Exclusive: What It's Like To Date Celebrity Trainer Corey Calliet

"I feel like a woman could bring substance into my life. She could be my foundation. She could recharge me when I need it and we recharge each other."

#xoMan

At first glance, Corey Calliet may come off as a bit intimidating. With a beautiful smile complementing his chiseled frame, the modern-day Adonis, who ironically trained Michael B. Jordan for his role as Adonis in the Creed series, has a well-deserved reputation for building the bodies of some of your favorite Hollywood celebrities.

But the vision the self-proclaimed body architect has for his career doesn't end in the gym or on the red carpet. In addition to training some of the top stars in Hollywood, he has his own apparel company (Levelz), is a featured trainer on Revenge Body with Khloe Kardashian, and has more recently caught the acting bug.

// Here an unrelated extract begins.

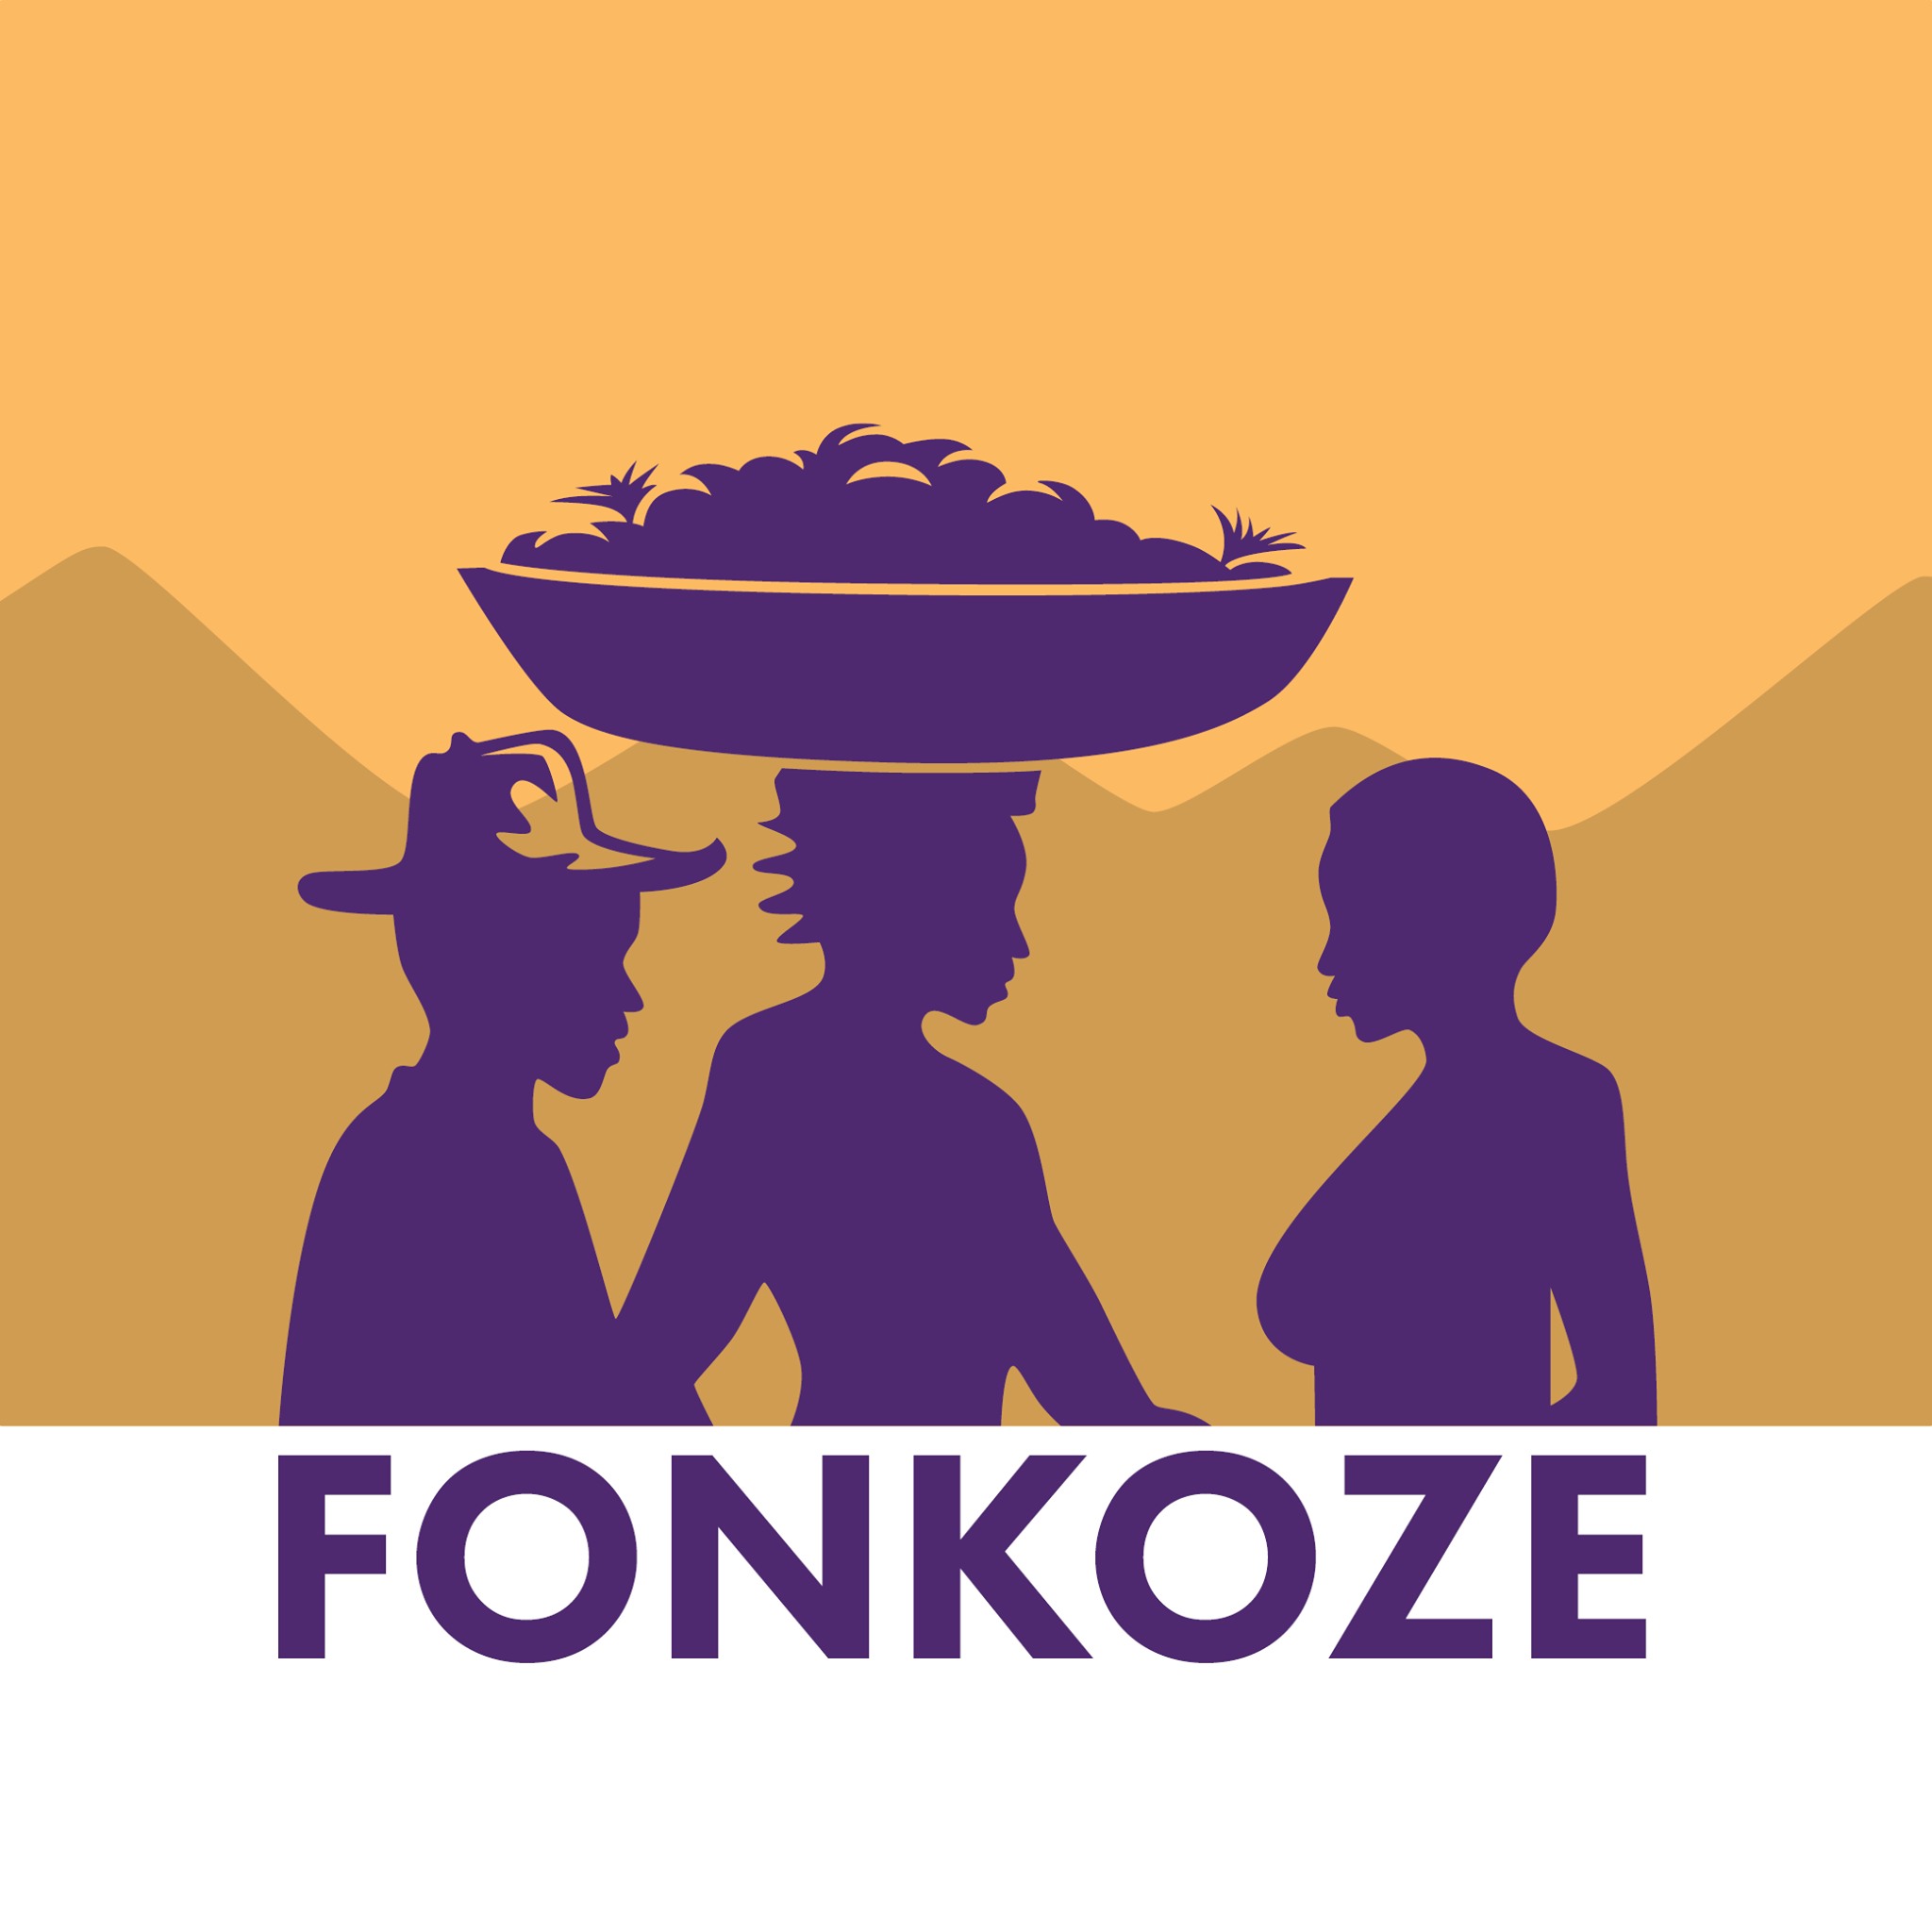 Fonkoze

Despite having an impressive resume, it's the trainer's rags-to-riches story that has us begging for more. Growing up between New Orleans and Baton Rouge was no easy feat for Calliet. After losing his mother at the age of four, he was shuffled between his sister and grandmother before finally settling with his aunt and uncle in a crowded home. Enticed by the street life, Calliet learned the art of the hustle that eventually carried him into a successful career.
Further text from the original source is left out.